从上面看到，如果process_it为0,则loop中一直在空循环，只有当所有的数据全部接收完毕后，才会一次性打印出所有的数据。在打印完数据后，程序将自动将buf清0, 清0是通过将pos简单置0而实现的，实际的数据其实还在。 ###RaspberryPI 端程序

/*
 * SPI testing utility (using spidev driver)
 *
 * Copyright (c) 2007  MontaVista Software, Inc.

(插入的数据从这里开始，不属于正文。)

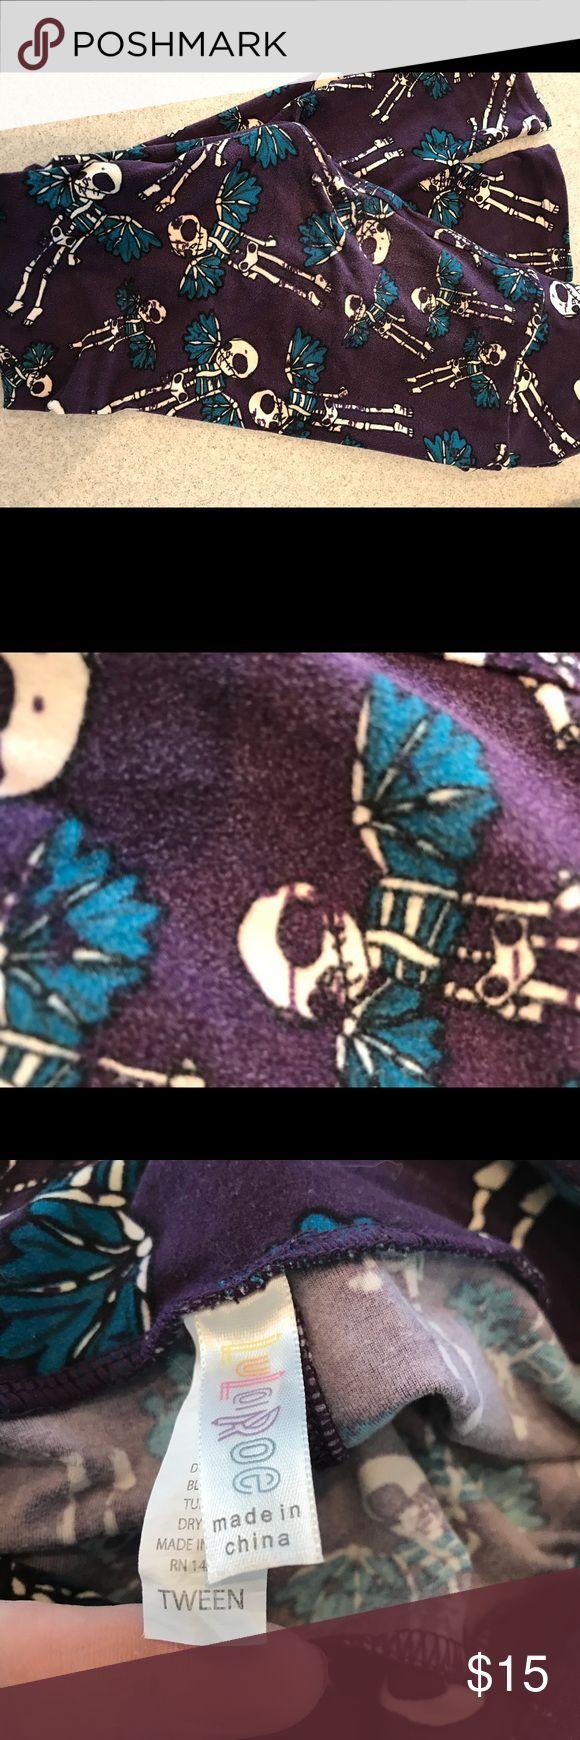 Lularoe tween leggings flying skeletons Lularoe tween leggings flying skeletons. Purple with black and blue in the print LuLaRoe Bottoms Leggings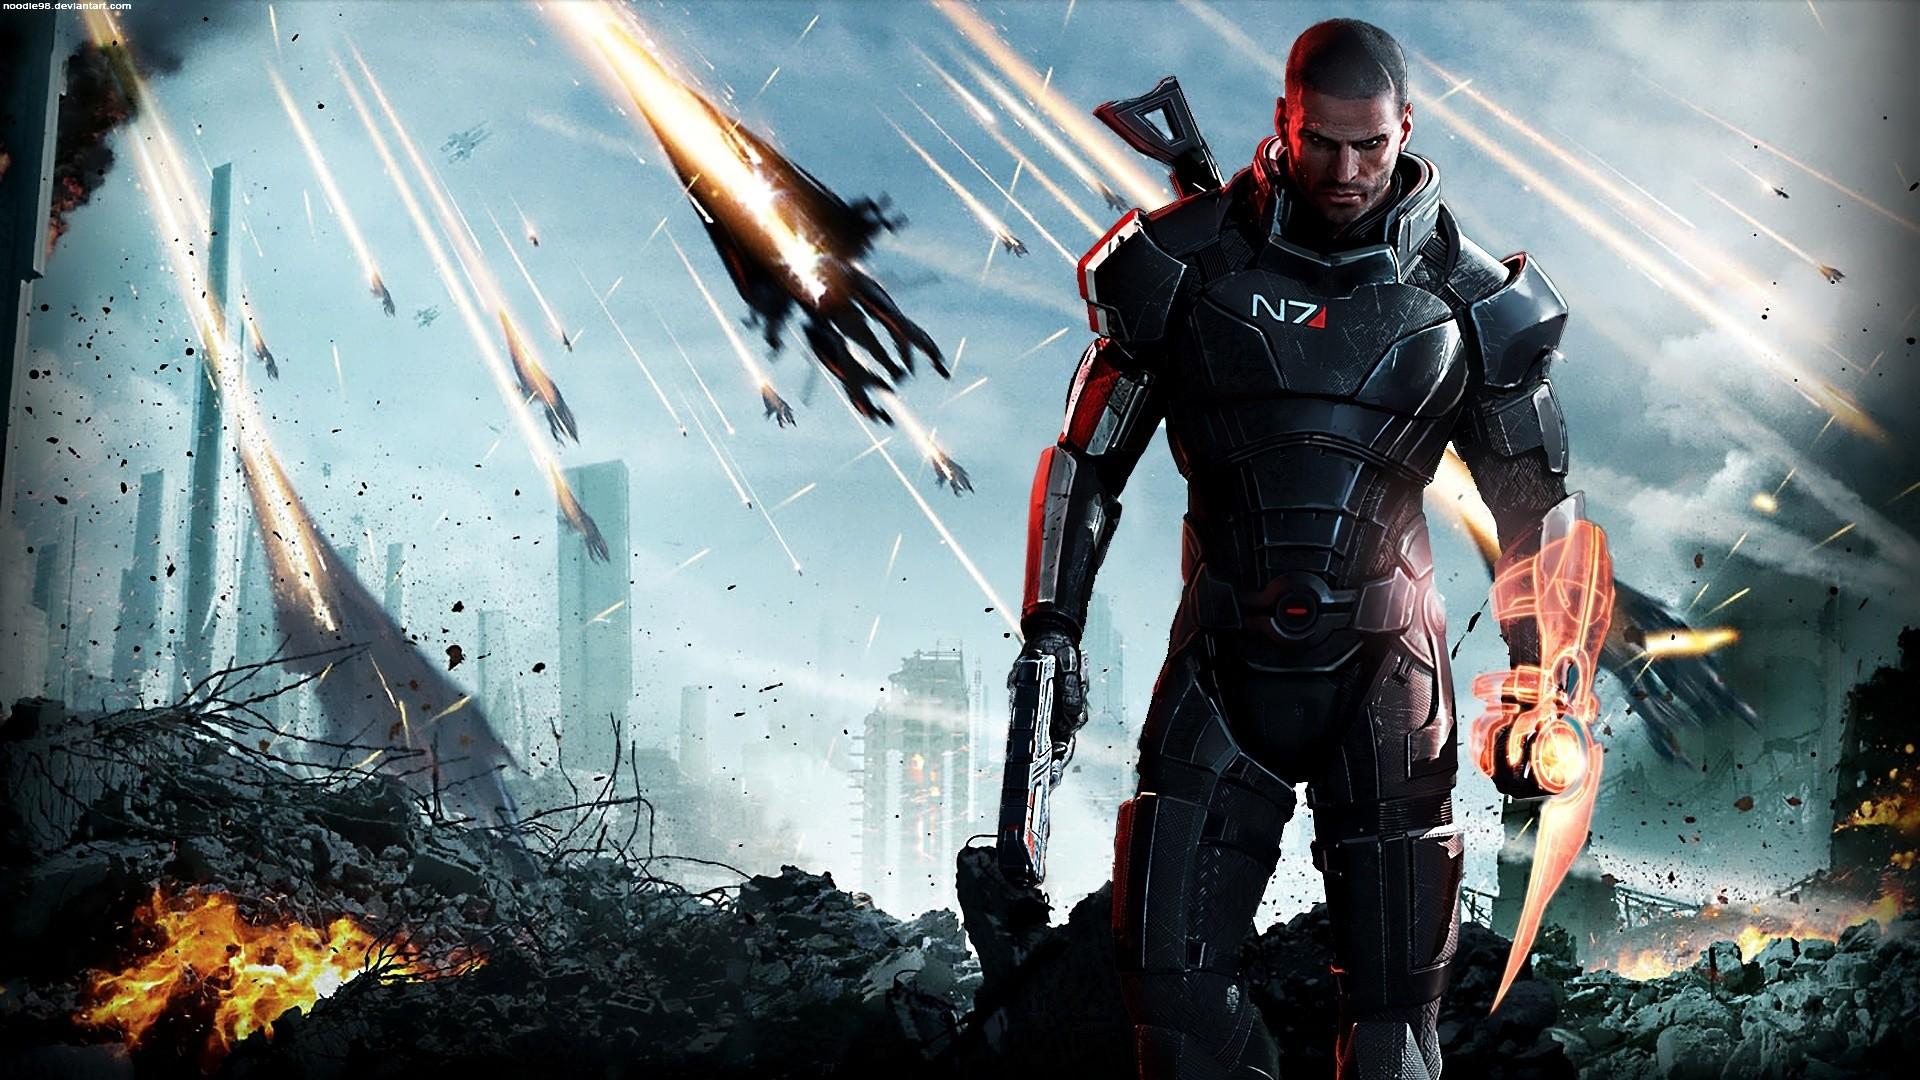 Legion Mass Effect HD Wallpapers Backgrounds Wallpaper

 * Copyright (c) 2007  Anton Vorontsov <avorontsov@ru.mvista.com>
 *
 * This program is free software; you can redistribute it and/or modify
 * it under the terms of the GNU General Public License as published by
 * the Free Software Foundation; either version 2 of the License.
 *
 * Cross-compile with cross-gcc -I/path/to/cross-kernel/include
 */
 
#include <stdint.h>
#include <unistd.h>
#include <stdio.h>
#include <stdlib.h>
#include <getopt.h>
#include <fcntl.h>
#include <sys/ioctl.h>
#include <linux/types.h>
#include <linux/spi/spidev.h>
 
#define ARRAY_SIZE(a) (sizeof(a) / sizeof((a)[0]))
 
static void pabort(const char *s)
{
	perror(s);
	abort();
}
 
static const char *device = "/dev/spidev0.0";
static uint8_t mode;
static uint8_t bits = 8;
static uint32_t speed = 500000;
static uint16_t delay;
 
static void transfer(int fd)
{
	int ret;
	uint8_t tx[] = {
        0x48, 0x45, 0x4C, 0x4C, 0x4F,
        0x20, 
        0x57, 0x4F, 0x52, 0x4C, 0x44,
        0x0A 
	};
	uint8_t rx[ARRAY_SIZE(tx)] = {0, };
	struct spi_ioc_transfer tr = {
		.tx_buf = (unsigned long)tx,
		.rx_buf = (unsigned long)rx,
		.len = ARRAY_SIZE(tx),
		.delay_usecs = delay,
		.speed_hz = speed,
		.bits_per_word = bits,
	};
 
	ret = ioctl(fd, SPI_IOC_MESSAGE(1), &tr);
	if (ret < 1)
		pabort("can't send spi message");
 
    /*
	for (ret = 0; ret < ARRAY_SIZE(tx); ret++) {
		if (!(ret % 6))
			puts("");
		printf("%.2X ", rx[ret]);
	}
	puts("");
    */
}
 
static void print_usage(const char *prog)
{
	printf("Usage: %s [-DsbdlHOLC3]\n", prog);
	puts("  -D --device   device to use (default /dev/spidev1.1)\n"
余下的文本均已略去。